Натянув на лицо улыбку, Дейа вошла в залу. Там царил полумрак, все окна были занавешены толстыми красными шторами, которые Фарида сшила в тон к бордовому диванному гарнитуру. Дедушка и бабушка сидели на одном диване, гости – на другом, и Дейа поставила сахарницу на столик посередине. Ее взгляд был устремлен в пол, на красный турецкий ковер, который лежал в доме дедушки и бабушки с тех пор, как они переехали в Америку. По краю ковра шел орнамент: золотые завитки без начала и конца, сплетающиеся в непрерывный узор. То ли орнамент со временем стал крупнее, то ли сама она стала мельче. Запутавшись в завитках взглядом, Дейа почувствовала, как закружилась голова.

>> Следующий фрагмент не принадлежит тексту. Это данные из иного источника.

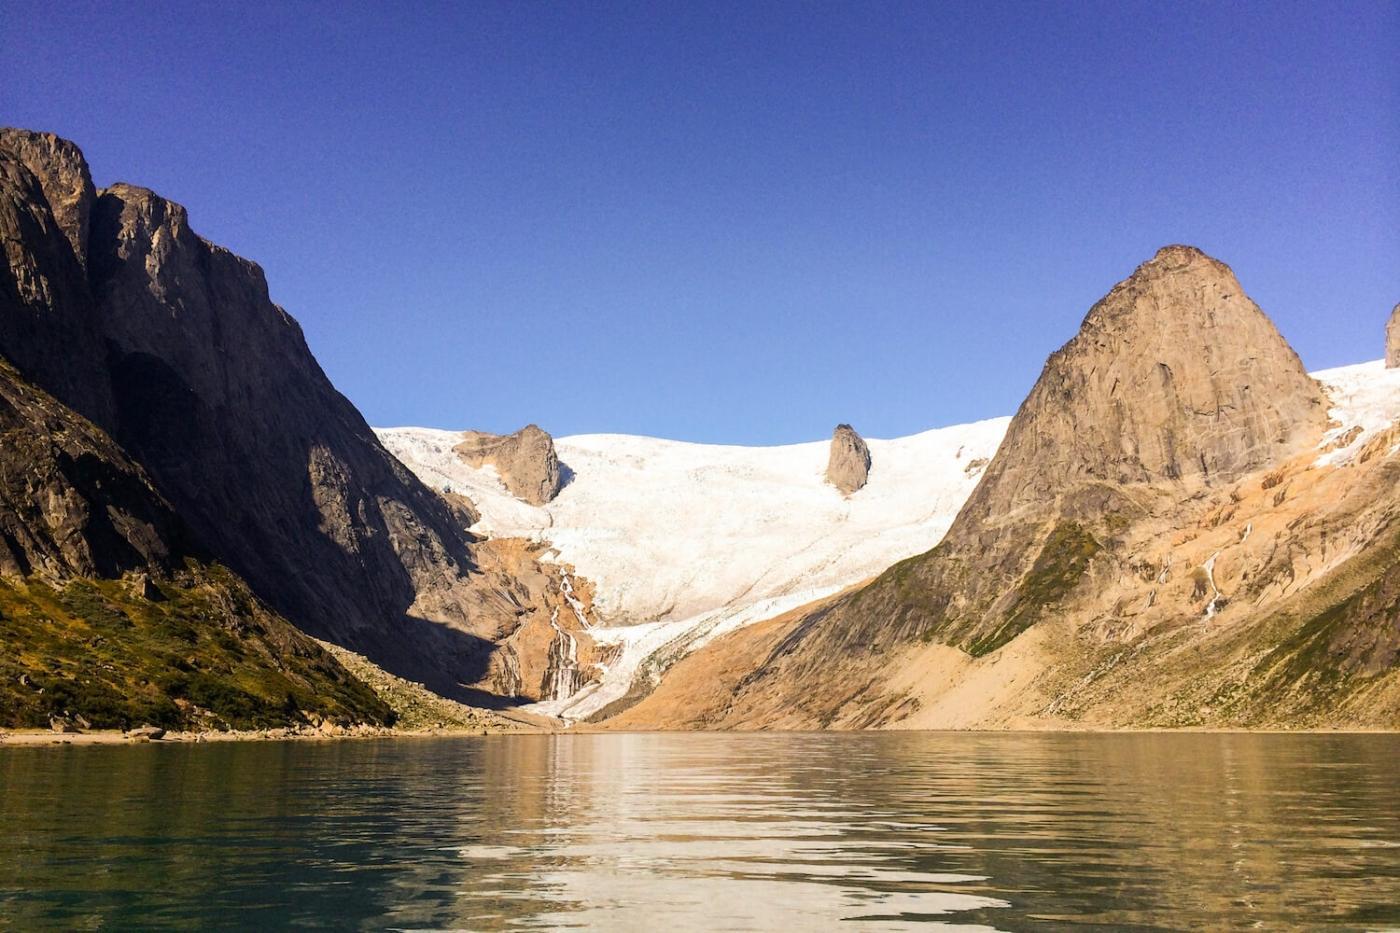 Tasermiut Fjord in South Greenland. Visit Greenland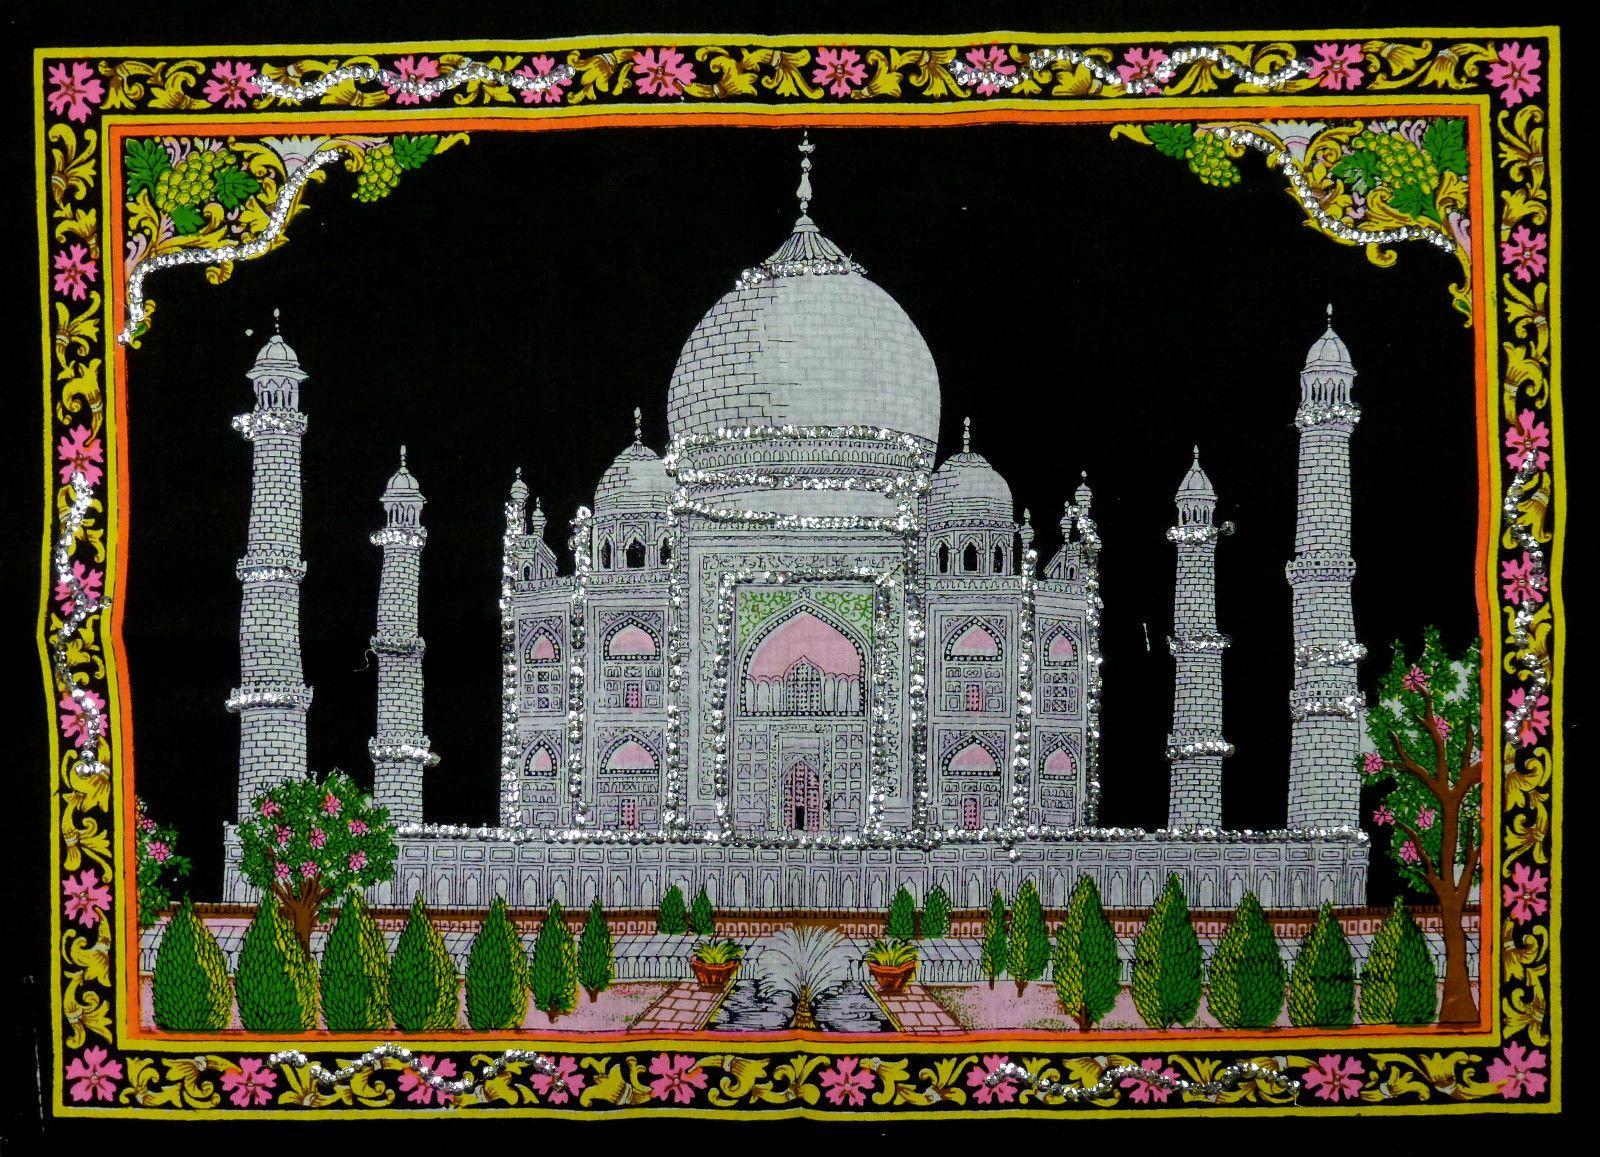 * Indian Taj Mahal Sequinned Wall Hanging * Fair Trade * Small | eBay

Жених, когда Дейа подошла, поднял глаза и уставился на нее сквозь мятный пар. Она подавала чай, не глядя на него, хотя чувствовала на себе его неотрывный взгляд. Его родители и ее дедушка с бабушкой тоже следили за ней. Одновременно ее пронзали пять пар глаз. Что они видят? Тень человека, кружащую по комнате? Может, и того меньше. Может, вообще ничего не видят – только поднос, который парит в воздухе и подплывает поочередно ко всем гостям, пока не опустеет чайник.
Она подумала о своих родителях. Что бы они делали, если бы были сейчас здесь, с ней? Улыбались бы, представляя ее в белой фате? Настаивали бы, как дедушка с бабушкой, чтобы она повторила их путь? Дейа закрыла глаза в надежде ощутить их рядом – но кругом была пустота.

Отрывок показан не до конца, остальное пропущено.